There are systems known in the art for unloading contents from well
tubing. For example, well operators typically run coiled tubing
into the well and pump the contents out of the production tubing.
It is also known in the art to introduce certain gases (e.g.,
nitrogen) into a liquid-filled tubular to create a "bubbling"
lifting force to assist in removing liquid from the tubing
string.
These prior art systems are problematic and suffer from several
limitations. For example, the coiled tubing, while effective, is
inefficient as it is considerably time-consuming and requires
significant additional equipment and materials to operate. Prior
methods of unloading a well using gases are ineffective and may
expose the formation or casing annulus to undesired elevated
pressure in order to introduce sufficient gases into the well.
SUMMARY OF THE INVENTION
The present invention provides an improved system for unloading
fluids from tubular members (e.g., tubing or casing) of a wellbore
that does not suffer from the problems and limitations of the prior
art systems as set forth above. The inventive system provides a way
to effectively and efficiently unload fluids from a well tubing or
casing without exposing the formation or casing to undesired
elevated pressure.
In accordance with one embodiment of the present invention, a
method of unloading a fluid from a generally upright tubular member
of a wellbore is provided. The method comprises the steps of: (a)
placing a combustible fuel cell inside the tubular member under the
fluid to be unloaded; (b) burning the fuel cell to generate a gas
in the tubular member; and (c) using the gas to force at least a
portion of the fluid upward out of the tubular member.

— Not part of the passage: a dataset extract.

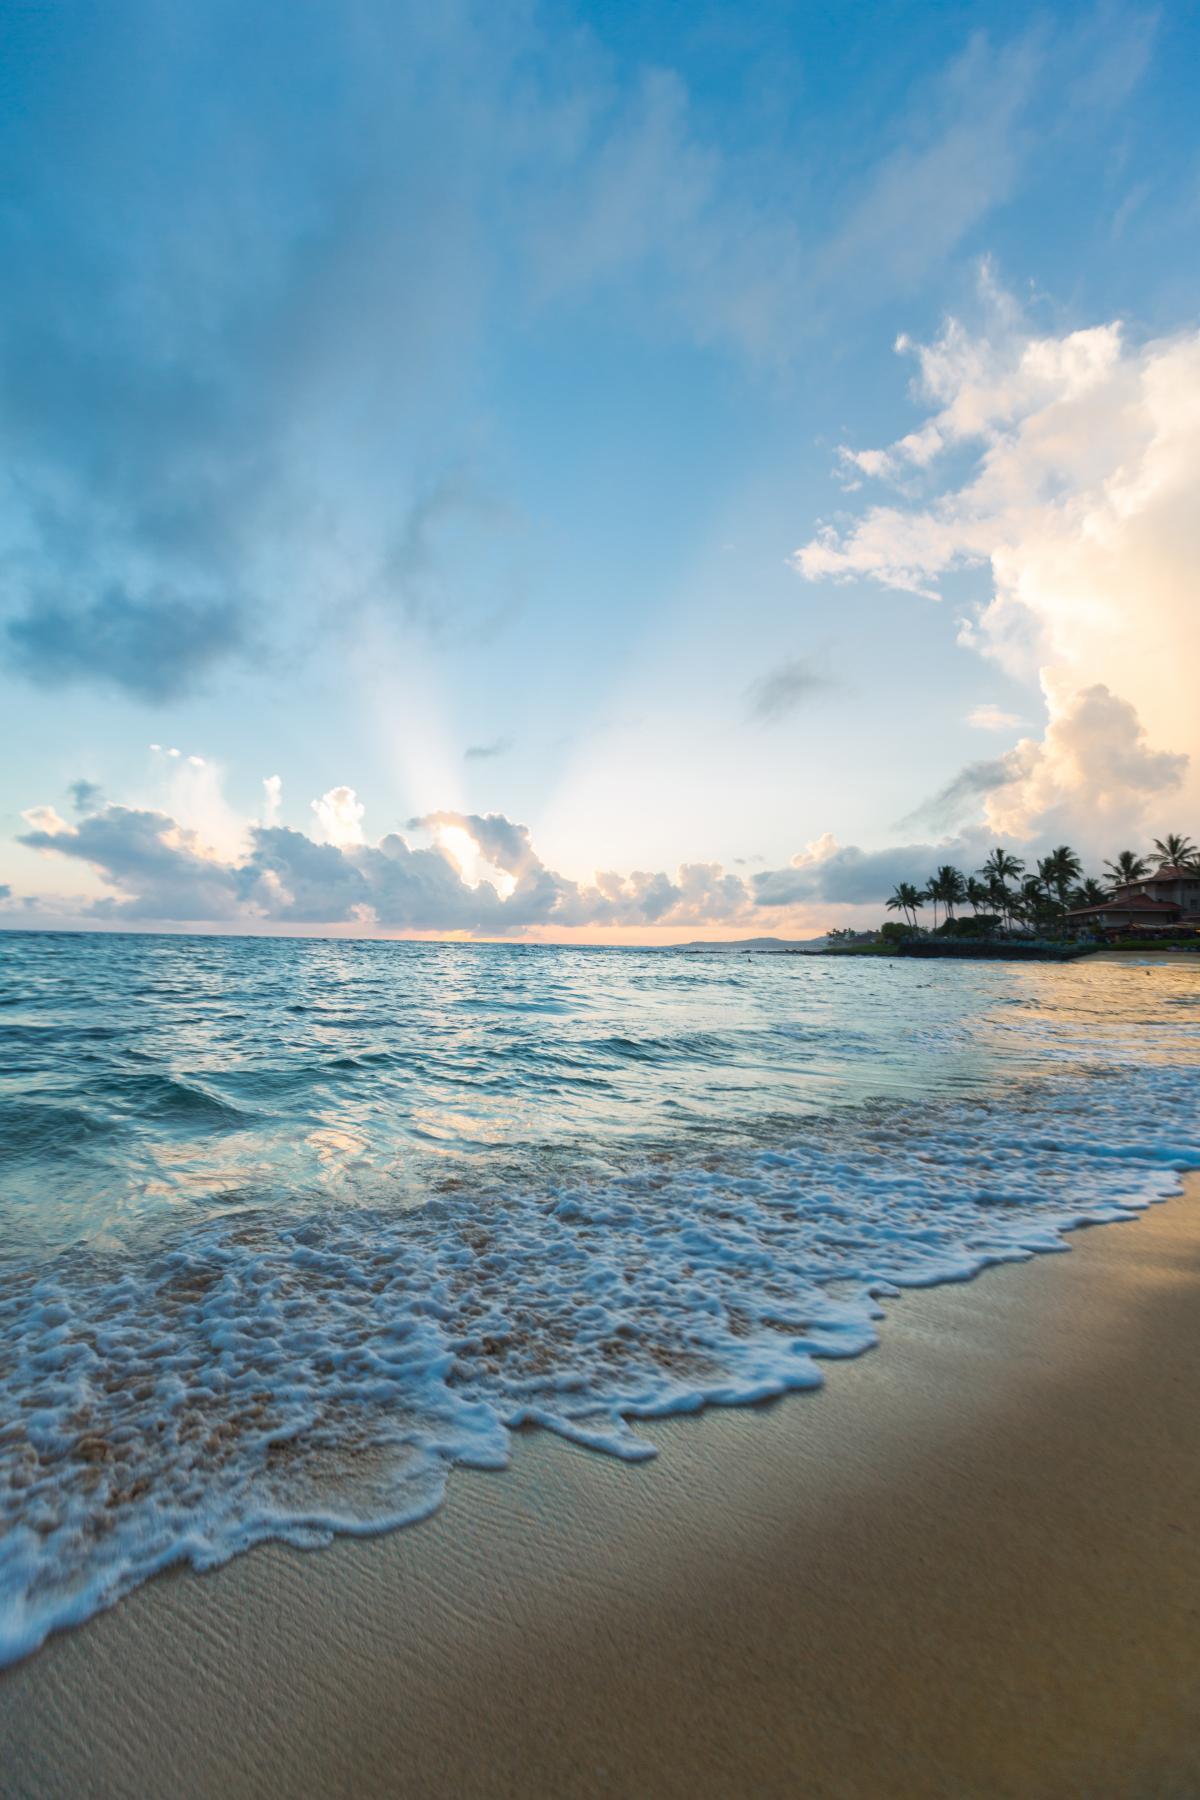 Beach Sea Ocean #245856
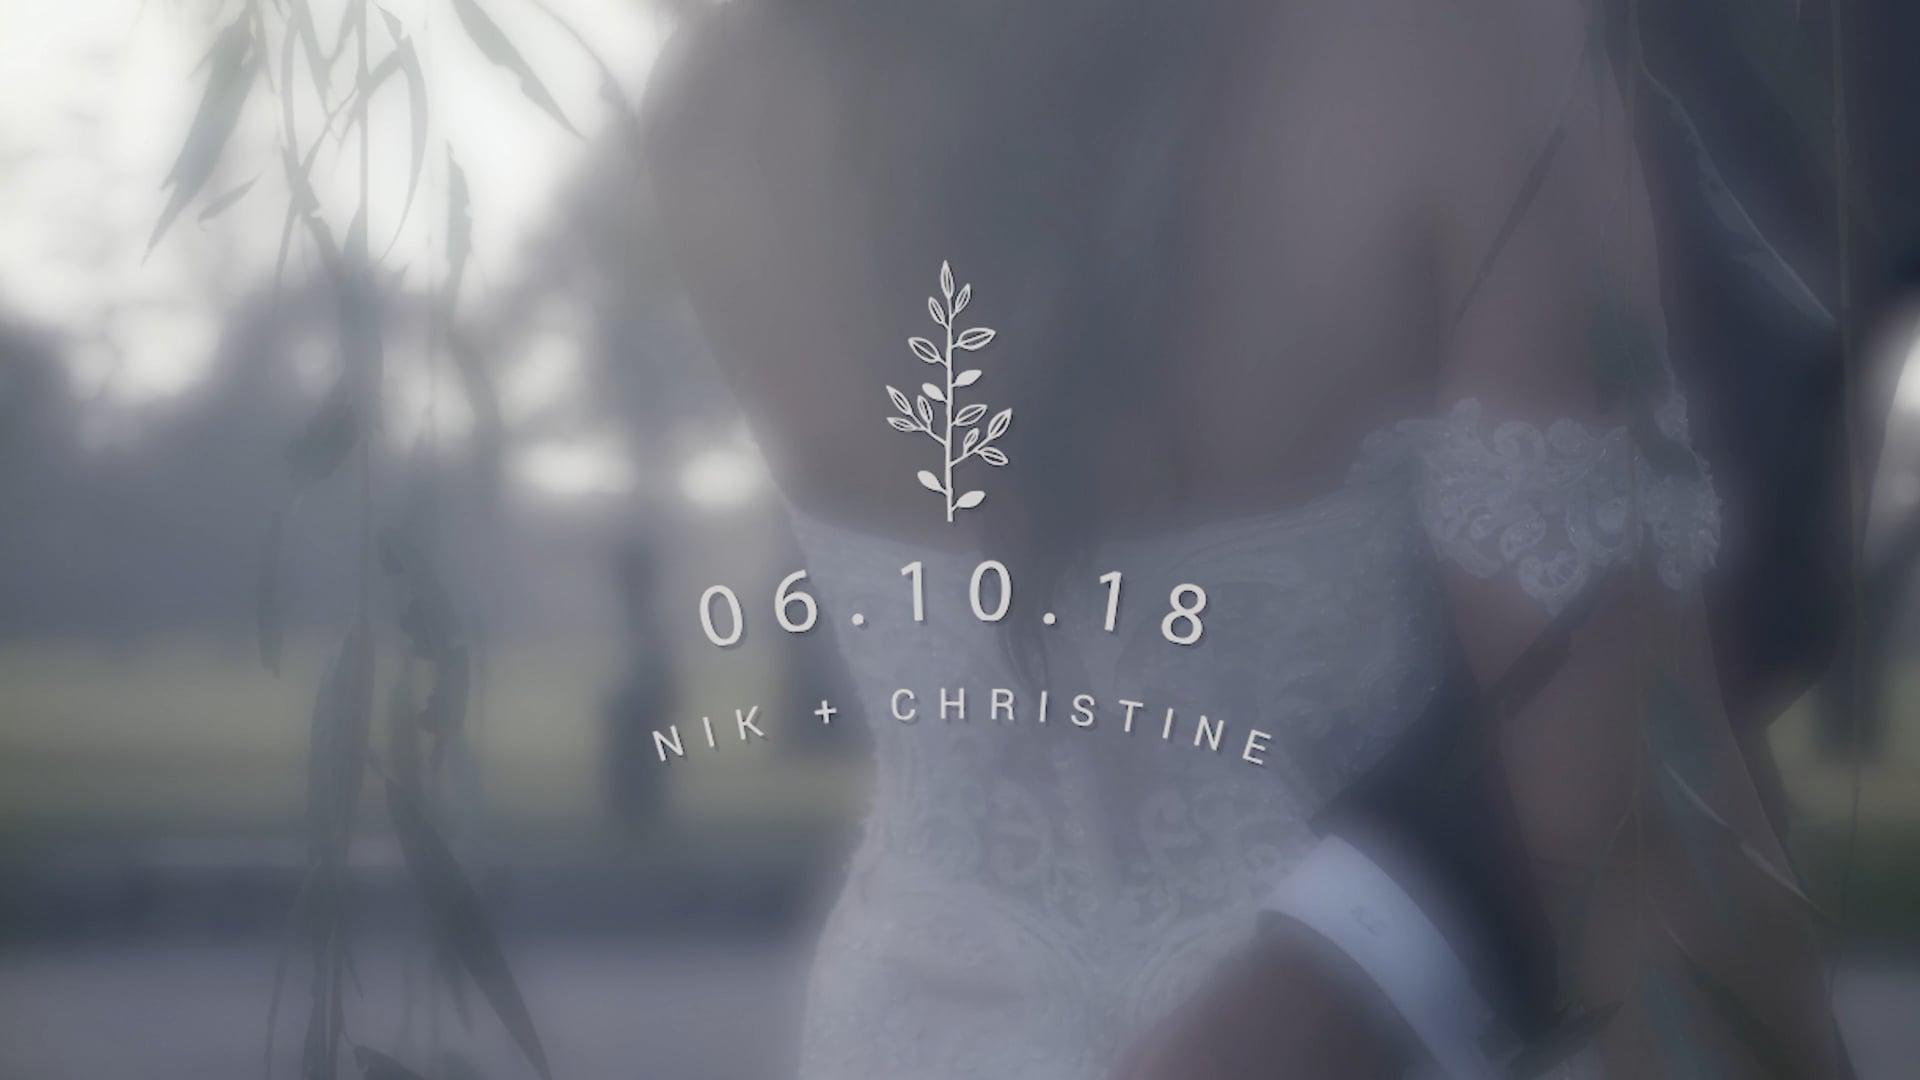 Nik + Christine

In accordance with another embodiment of the present invention, an
apparatus for unloading a fluid contained in a generally upright
tubular member of a wellbore is provided. The apparatus generally
comprises a combustible and expandable fuel cell, a cap coupled to
the fuel cell, and an ignition device coupled to the fuel cell. The
fuel cell is adapted to be received in the tubular member. The fuel
cell defines an internal chamber which is adapted to be filled with
a gas generated by the fuel cell when the fuel cell is burned. The
cap is operable to hold the gas in the internal chamber until the
pressure of the gas in the internal chamber causes the fuel cell to
expand sufficiently to form a seal with the tubular member. The
ignition device is operable to initiate burning of the fuel cell
when the ignition device is actuated.
In accordance with a still further embodiment of the present
invention, a wellbore extending into a subterranean formation is
provided. The wellbore comprises a generally upright tubular
member, a fluid disposed in the tubular member, a combustible fuel
cell disposed in the tubular member generally below at least a
portion of the fluid, and an ignition device coupled to the fuel
cell. The fuel cell is operable to generate a gas when burned. The
ignition device is operable to initiate burning of the fuel cell
when the ignition device is actuated.
Other aspects and advantages of the present invention will be
apparent from the following detailed description of the preferred
embodiments and the accompanying drawing figures.
BRIEF DESCRIPTION OF THE DRAWING FIGURES
Preferred embodiments of the invention are described in detail
below with reference to the attached drawing figures, wherein:
FIG. 1 is a partial sectional view of an apparatus for unloading
well tubing constructed in accordance with the principles of the
present invention and shown schematically in a plugged production
tubing inside a perforated well casing;
FIG. 2 is a sectional view of the apparatus taken substantially
along line 2--2 of FIG. 1; and
FIG. 3 is a partial sectional view of an alternative apparatus for
unloading well tubing constructed in accordance with the principles
of the present invention and shown schematically in a plugged
production tubing inside a perforated well casing.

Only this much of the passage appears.